— Кто же, по-вашему, здесь лишний?
(Да. Да. В каморке того молодого человека. Шёл дождь, и мы засиделись допоздна. Крохотную двухкомнатную квартирку, в которой входная дверь вела прямо в кухню, и здесь же стояла ванна, он делил с тёткой, тяжело и безжалостно терзаемой подозрениями в адрес властей, всех соседей поочерёдно и всех поочерёдно родных; она знала, что в мире существует сложный, много- и мелкоразветвлённый заговор и ей, чтобы не попасть в его липкую сеть, нужно двигаться и говорить очень осторожно; каждый раз прислушиваясь... присматриваясь... И что я вспомнил об этой несчастной старухе?)
— Мне кажется, вы заснули.
— Не знаю, — сказал я.
(Бедный мальчик, что я могу рассказать тебе о Константине Леонтьеве так, чтобы ты понял? Он неразрывно связан для меня с лицами людей, которых ты не увидишь никогда, и чем подробнее буду я — если соберусь с силами — о них говорить, тем превратнее ты всё поймёшь. Эта бедная комнатка с маленьким окном в тёмный двор, крепостная толщина стен, серьёзные глаза одного и шальные — другого, скол на когда-то хорошей чашке, сами эти чашки, последние из сервиза, нежные палевые лепестки на голубом фоне, и внутри по-прежнему млечно-белые, что-что, а посуду в этом доме мыли на совесть; невзрачность нашей одежды и бледная, истончившаяся роскошь каких-то неожиданных вещей, историю которых мы позабыли или не знали вовсе, — этот фарфор, прекрасная резная горка, ваш серебряный портсигар, товарищ майор, которым вы невероятно форсили, — вот это всё для меня Константин Леонтьев, и даже если бы я сел и постарался написать диссертацию, исключив личное и сосредоточившись на общедоступном, именно Леонтьев из этой диссертации показался бы мне фальшивым, ложным; лже-Леонтьевым. Я мог рассказать бы гораздо верней об Анне Карениной, а не о ней. Нет, это про другое.)

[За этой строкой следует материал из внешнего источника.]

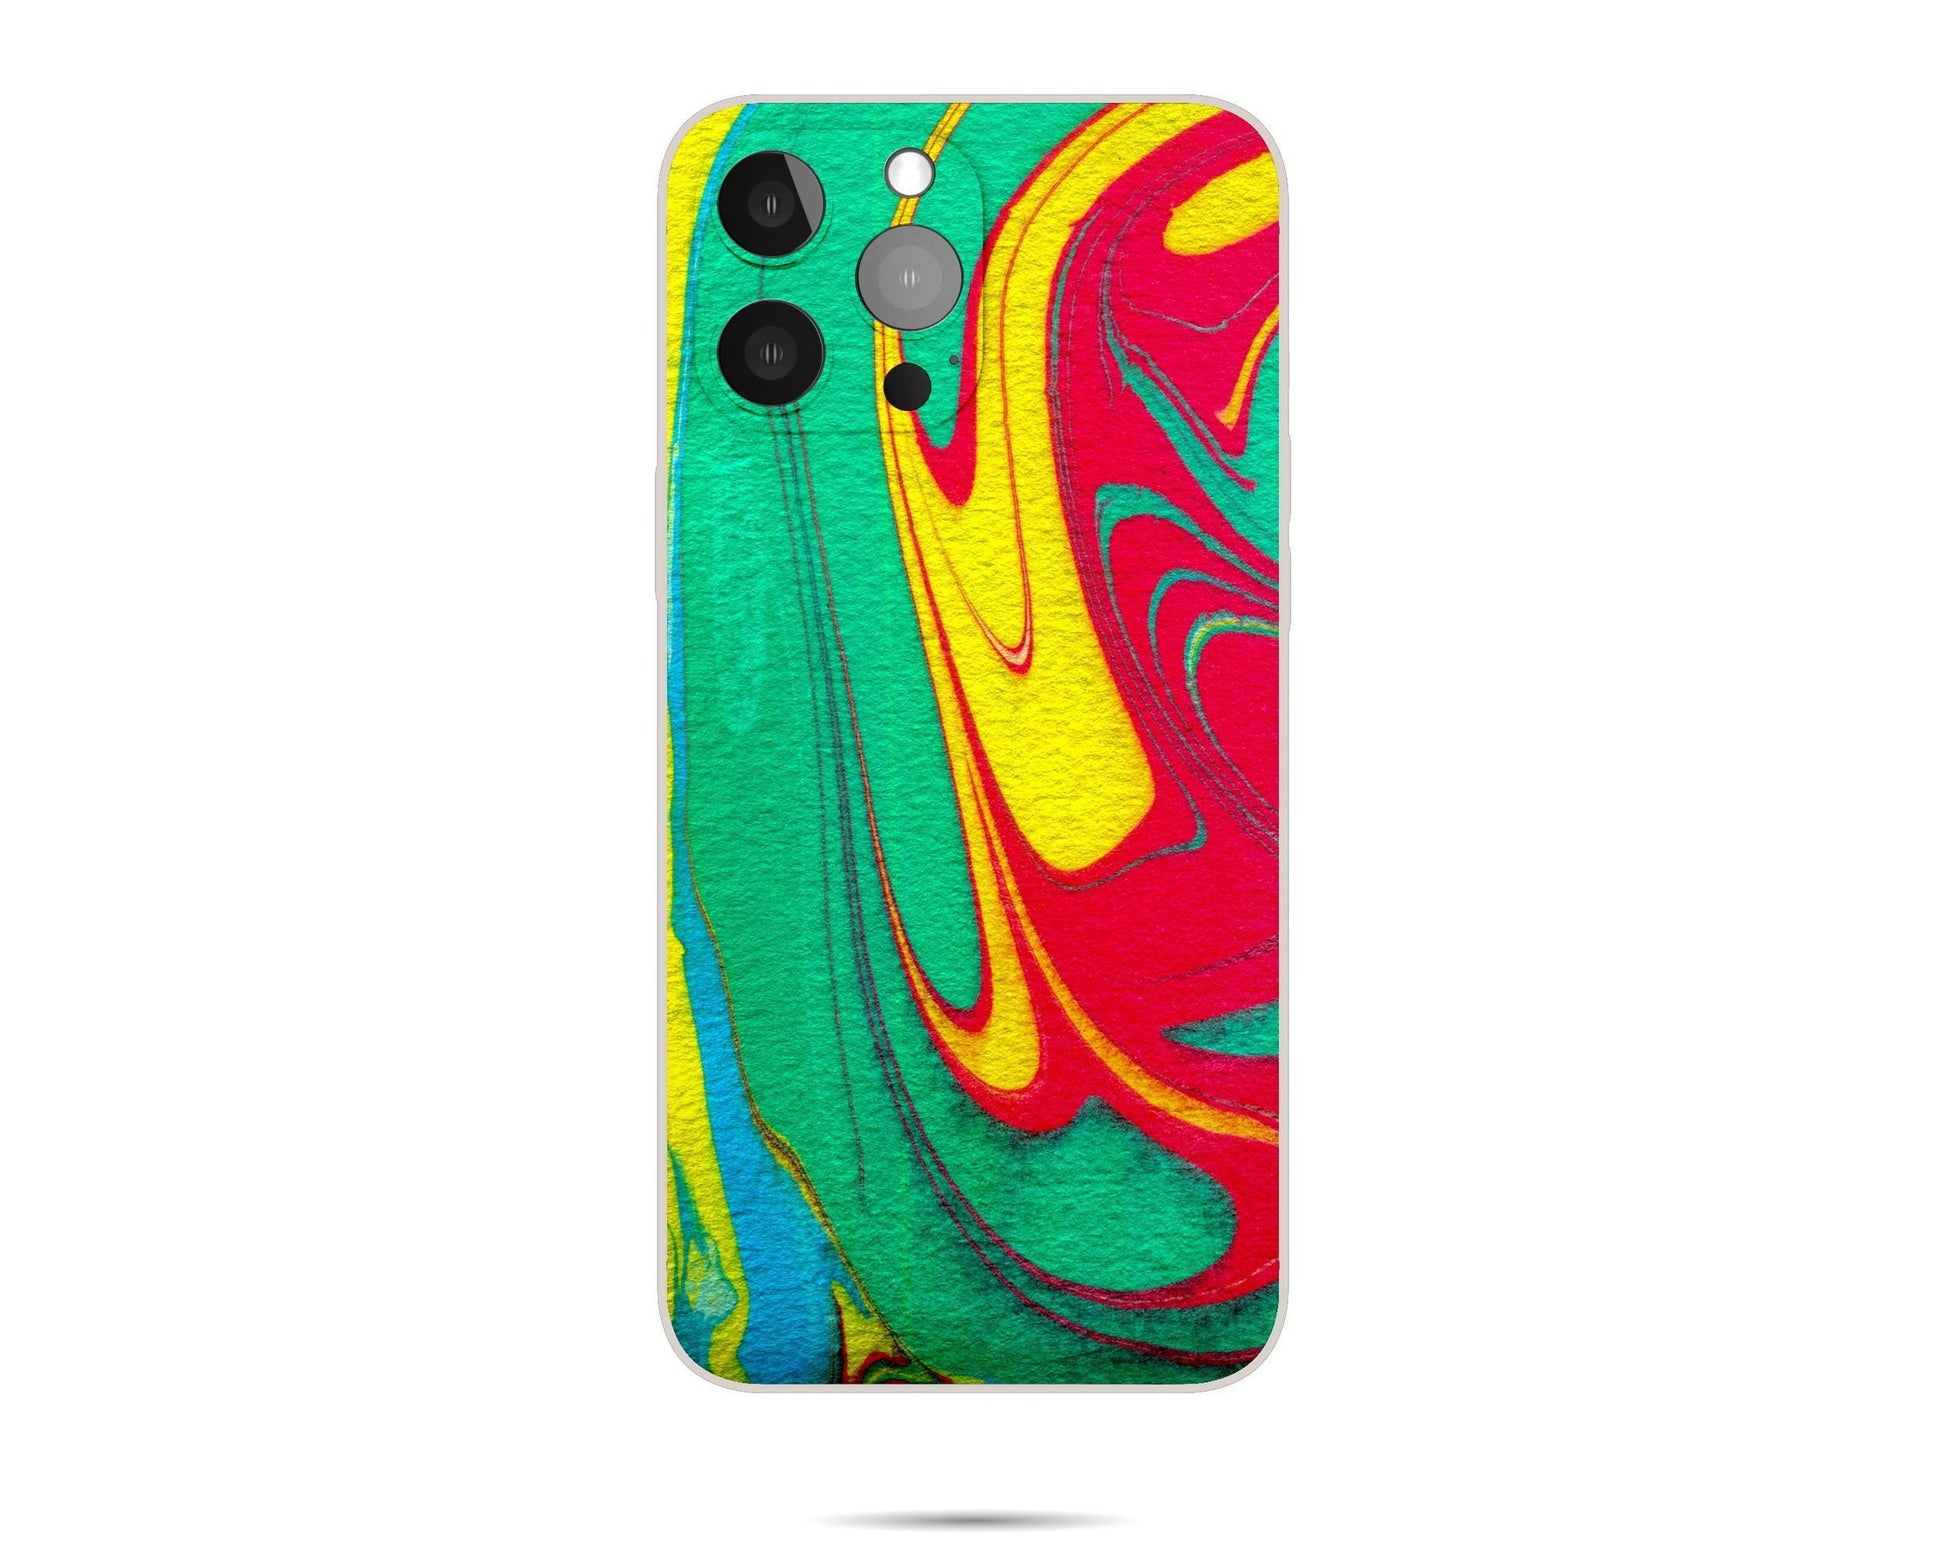 Abstract Art Iphone 14 Pro Max Case, Iphone 12 Pro Case, Iphone Xs Max, Iphone 8 Plus Case Art, Iphone Protective Case, Iphone Case Matte

Не знаю, от чьего вранья устаёшь больше — своего или чужого. Бывает по-разному. Бывают люди, которые не устают вообще — ни врать, ни слушать. Им интересно. Их это заводит. Или же они бесчеловечные, вдумчивые стратеги, для которых всё — партия в шахматы, затяжная война. Мы отвергли предложение Штыка, и при этом и Худой, и Блондинка были уверены, что сам Штык согласился, за нашей спиной и от нашего имени. Штык такой, он хранит в голове спланированную кампанию сразу на нескольких фронтах: здесь наступление, там манёвры и где-то сепаратный мир.
Худой был не то слово как встревожен и постарался накрутить остальных, но что мы могли? Следить за ним не получалось, разговаривать было бессмысленно, явных действий он не предпринимал. В итоге мы занялись рутиной, и всё как-то сгладилось.